You walk past and drag some of the air with you out of the room..............hence pressure on the inside of the room is more than that near the door..............air particles on the inside side of the door outnumber the ones on the outside side which causes a net force out of the room which pushes the door out of the room causing it to close

18. Jan 4, 2018

### lekh2003

I think this seems to be a simple case of Bernoulli's principle. This happens to me all the time, the velocity of the air on one side generates a pressure differential and the door moves.

If I'm right, this is one of the ways aeroplanes generate lift. The air on the top flows faster than on the bottom and the aeroplane begins to rise.

19. Jan 4, 2018

### sophiecentaur

This thread reminds me of the "How does an aeroplane wing work?" discussions. The Bigendians say it's Bernoulli and the Littleendians say it's Newton 3. Neither is wrong and neither is exclusively right. In this case, the air flowing past the moving body is driven by a pressure difference (Newton 1) and we are only arguing about what is causing that difference, a dynamic effect of the passage through the air or a quasi static effect of displacement. (piston) We could build (at least design) two systems which could work due exclusively to one or the other or a combination of the two. Here, the numbers are important and the diagram that's been supplied is half way there. How high is the corridor, how wide is the door and how fast is 'walking'?

20. Jan 4, 2018

### FactChecker

It's neither a pressure build up from a "piston" action, nor Bernoulli.

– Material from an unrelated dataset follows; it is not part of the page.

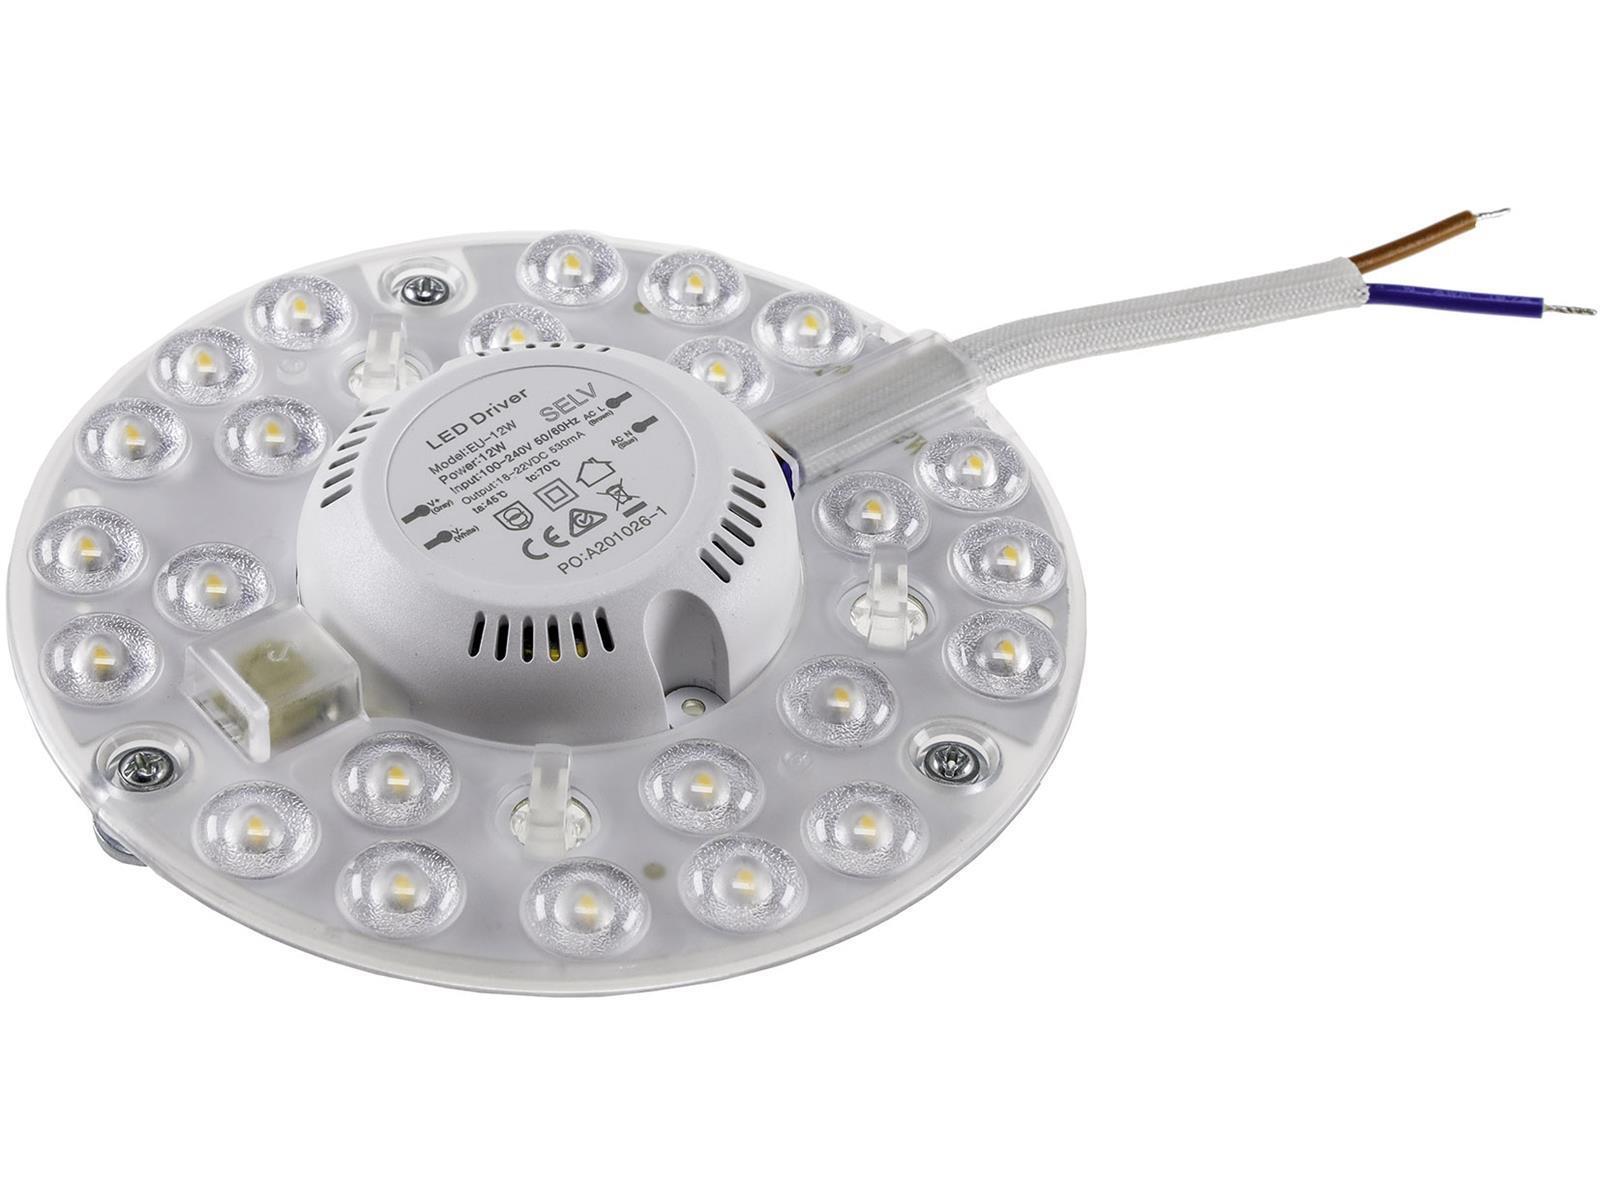 LED Umrüstmodul "UM12nw" für LeuchtenØ125mm, 12W, 1300lm, 4000K, Magnethalter
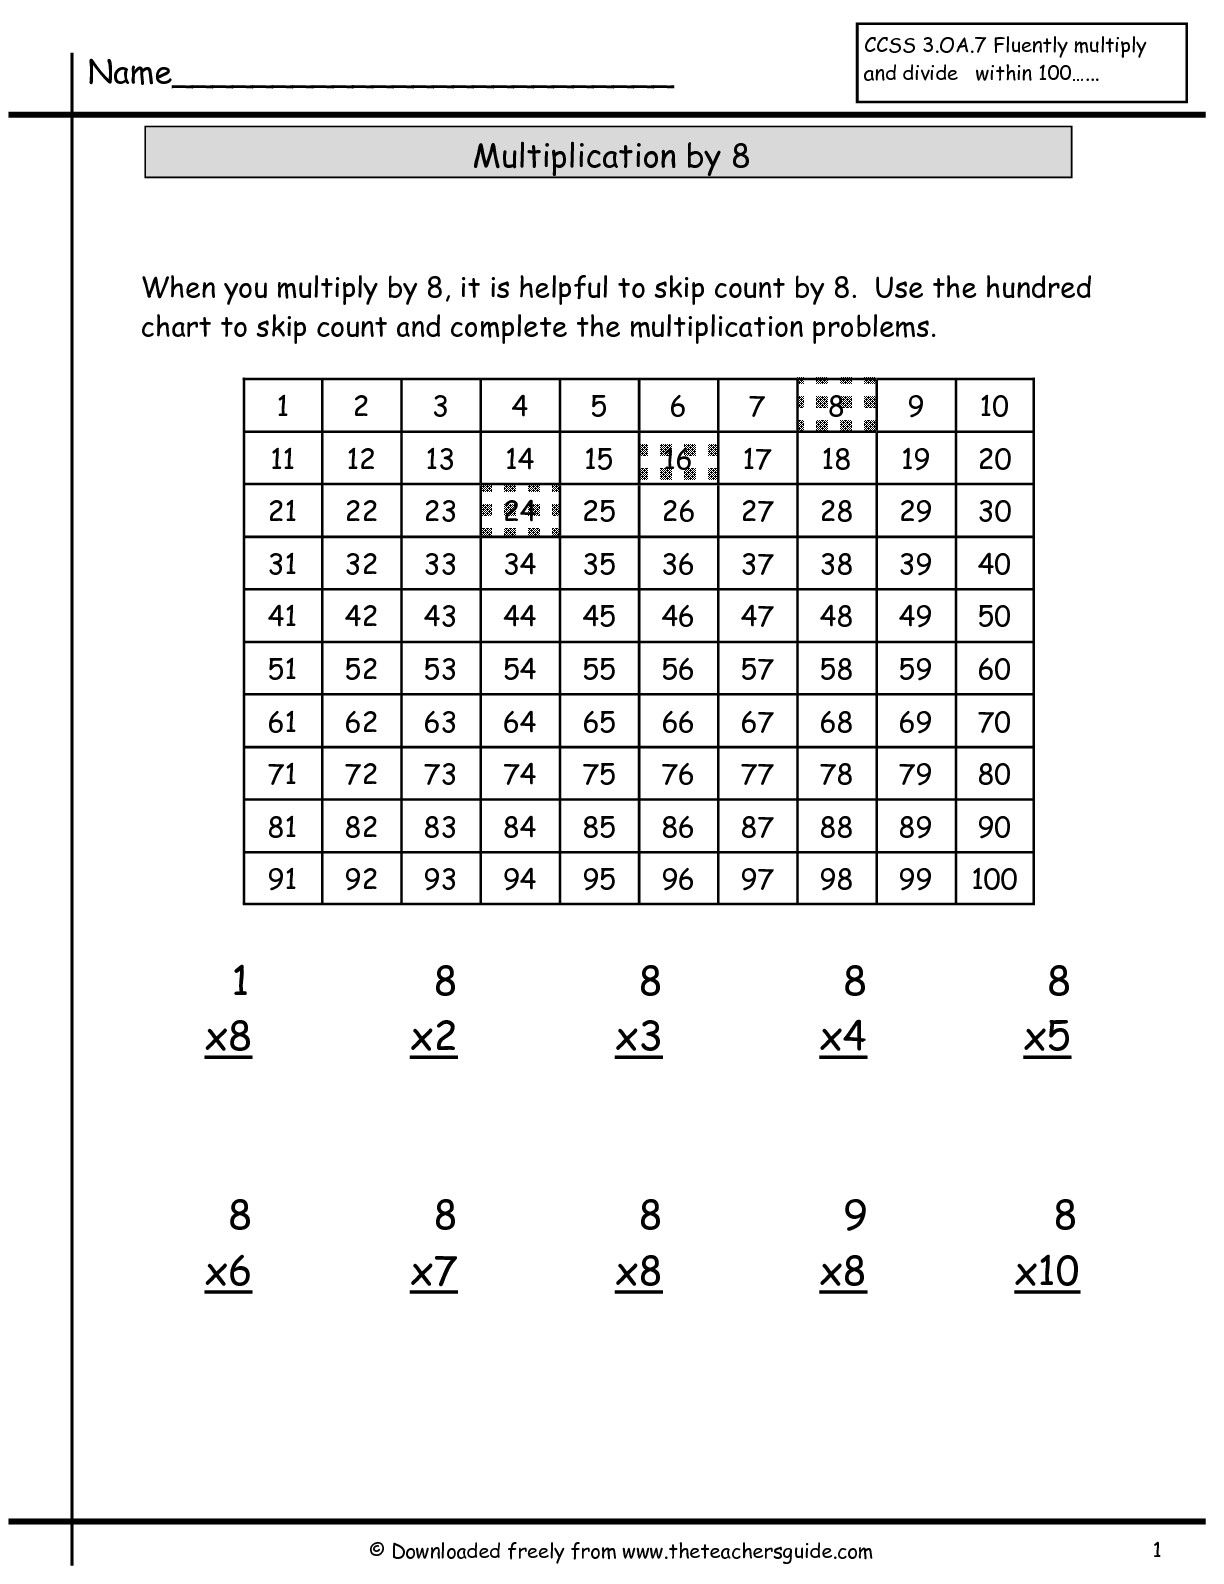 Multiplication0 And 1 Worksheet | Multiplication Facts for 0 Multiplication Worksheets Pdf

The stairs shown in the updated diagram of post #16 rules out pressure build up (which I thought was unrealistic except in a sealed, air-tight corridor anyway). Bernoulli is also the wrong way to look at this problem. The turbulence and air flow behind the person walking past is the cause. Trying to analyse this problem in more detail is virtually hopeless. Even relatively simple situations require wind tunnel experiments to verify analysis.